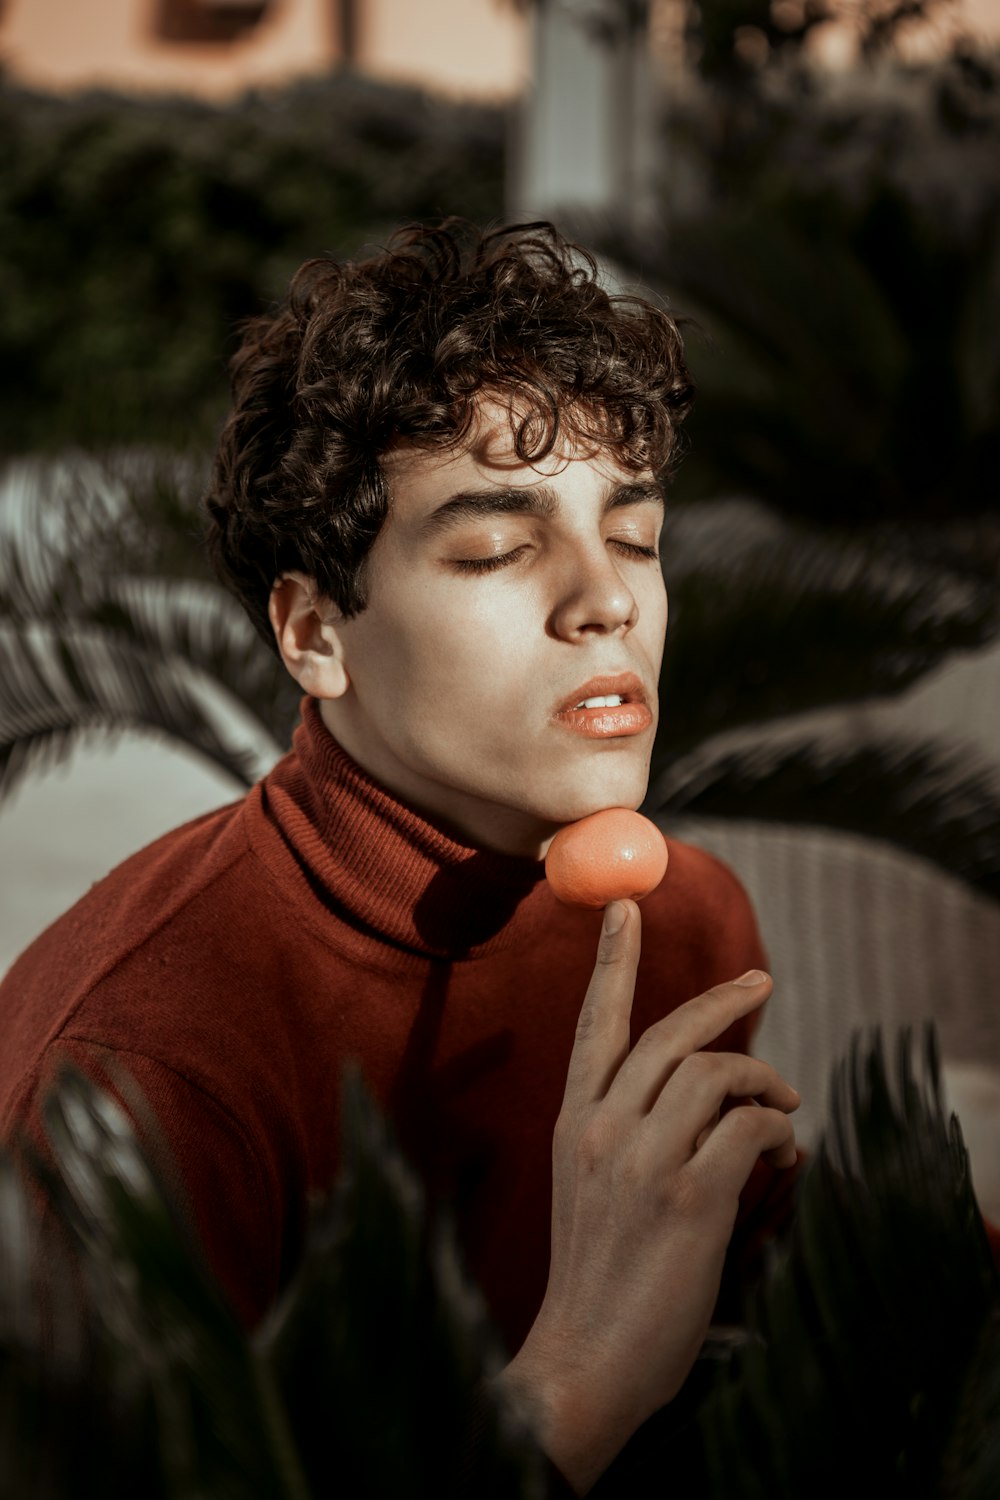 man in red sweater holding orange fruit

==

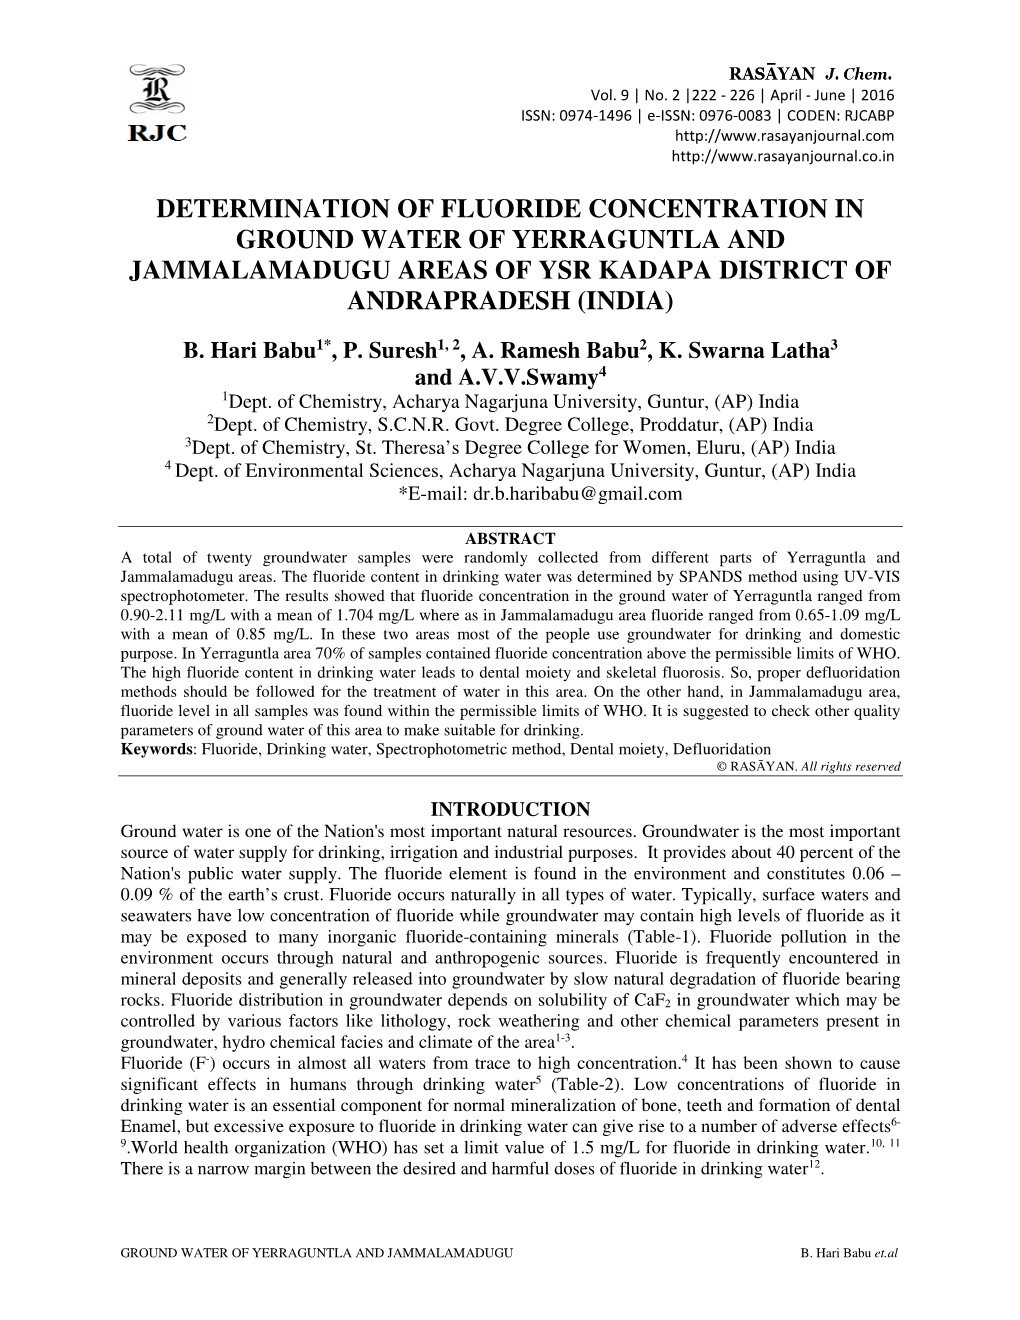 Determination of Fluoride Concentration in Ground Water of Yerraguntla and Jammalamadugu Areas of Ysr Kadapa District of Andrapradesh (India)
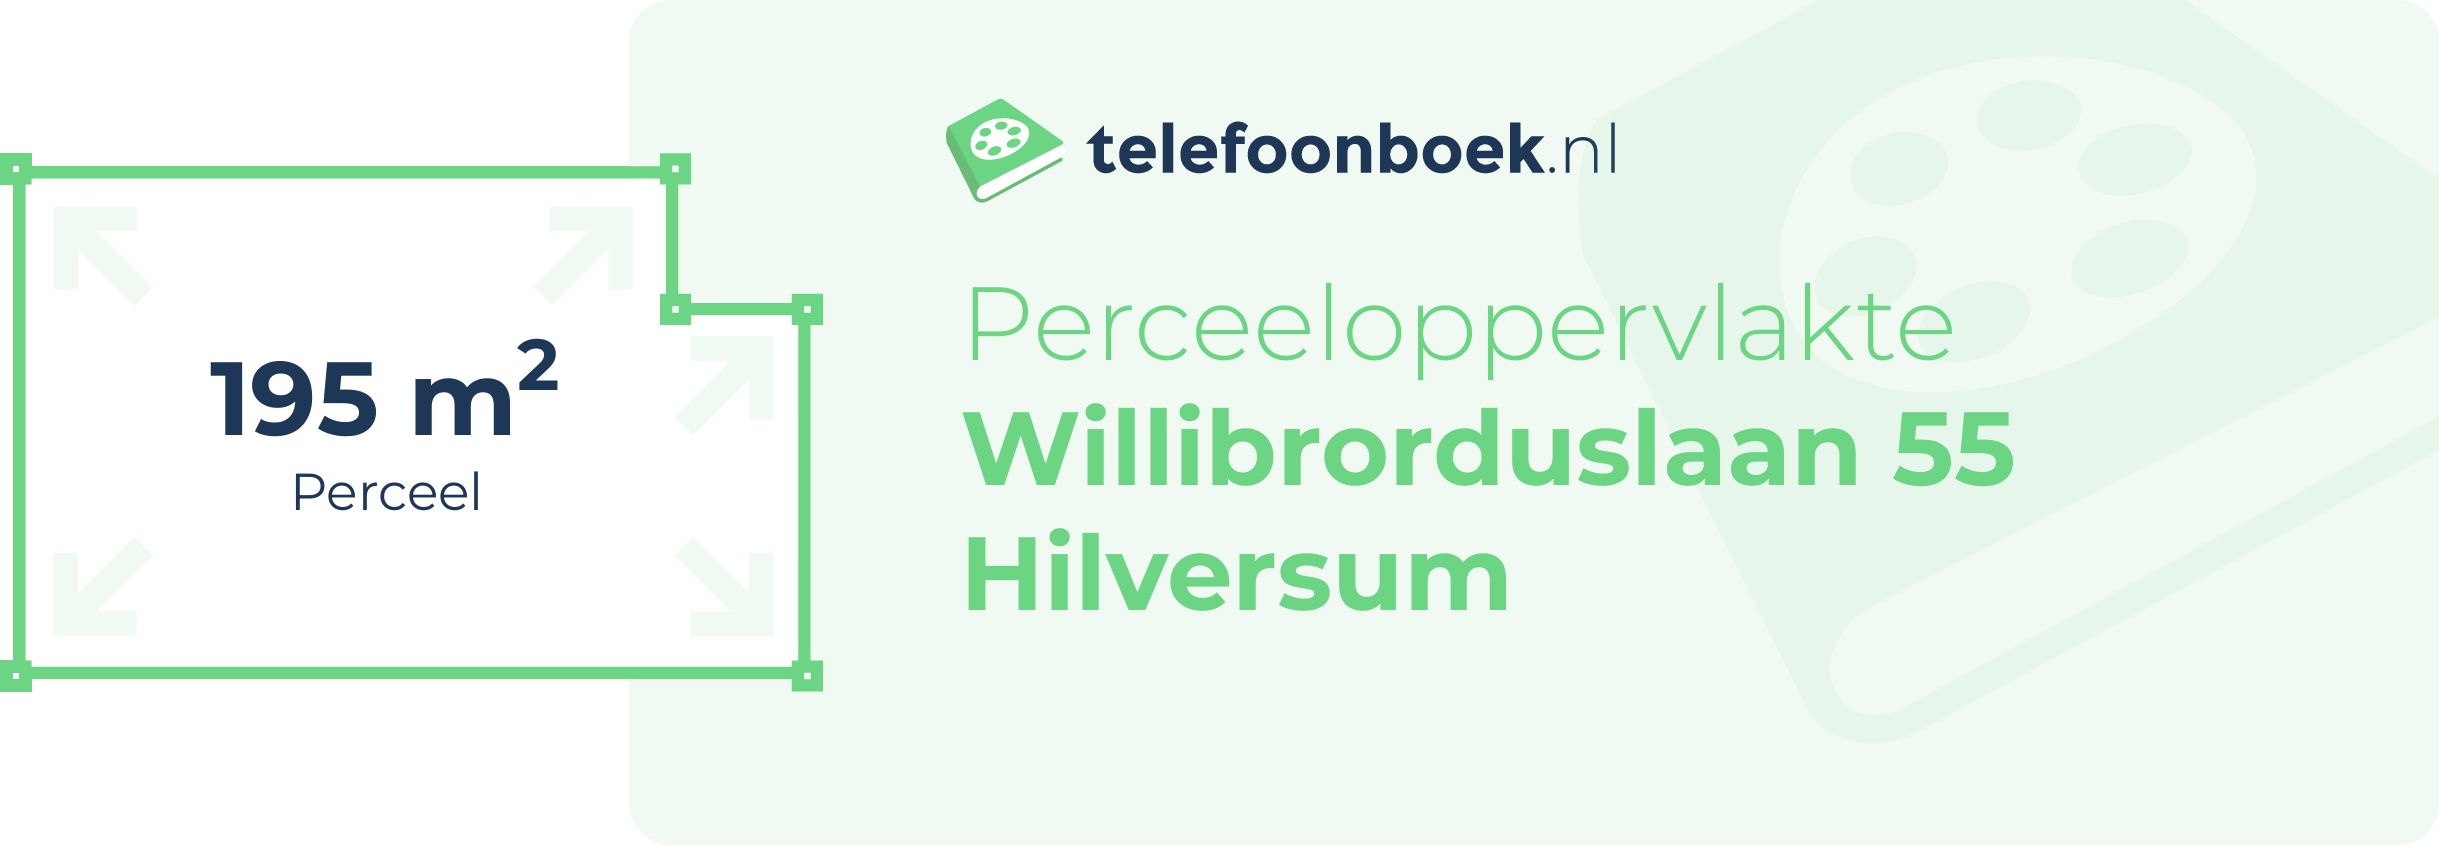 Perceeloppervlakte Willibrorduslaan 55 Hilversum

■ **WORK ITEM**:
Exactly as written above, retype the lines starting at the one holding "Determination of Fluoride" and ending at the one holding "Perceeloppervlakte Willibrorduslaan 55", both included, but not the pictures.

■ **ANSWER SPACE**:
 Determination of Fluoride Concentration in Ground Water of Yerraguntla and Jammalamadugu Areas of Ysr Kadapa District of Andrapradesh (India)
 Perceeloppervlakte Willibrorduslaan 55 Hilversum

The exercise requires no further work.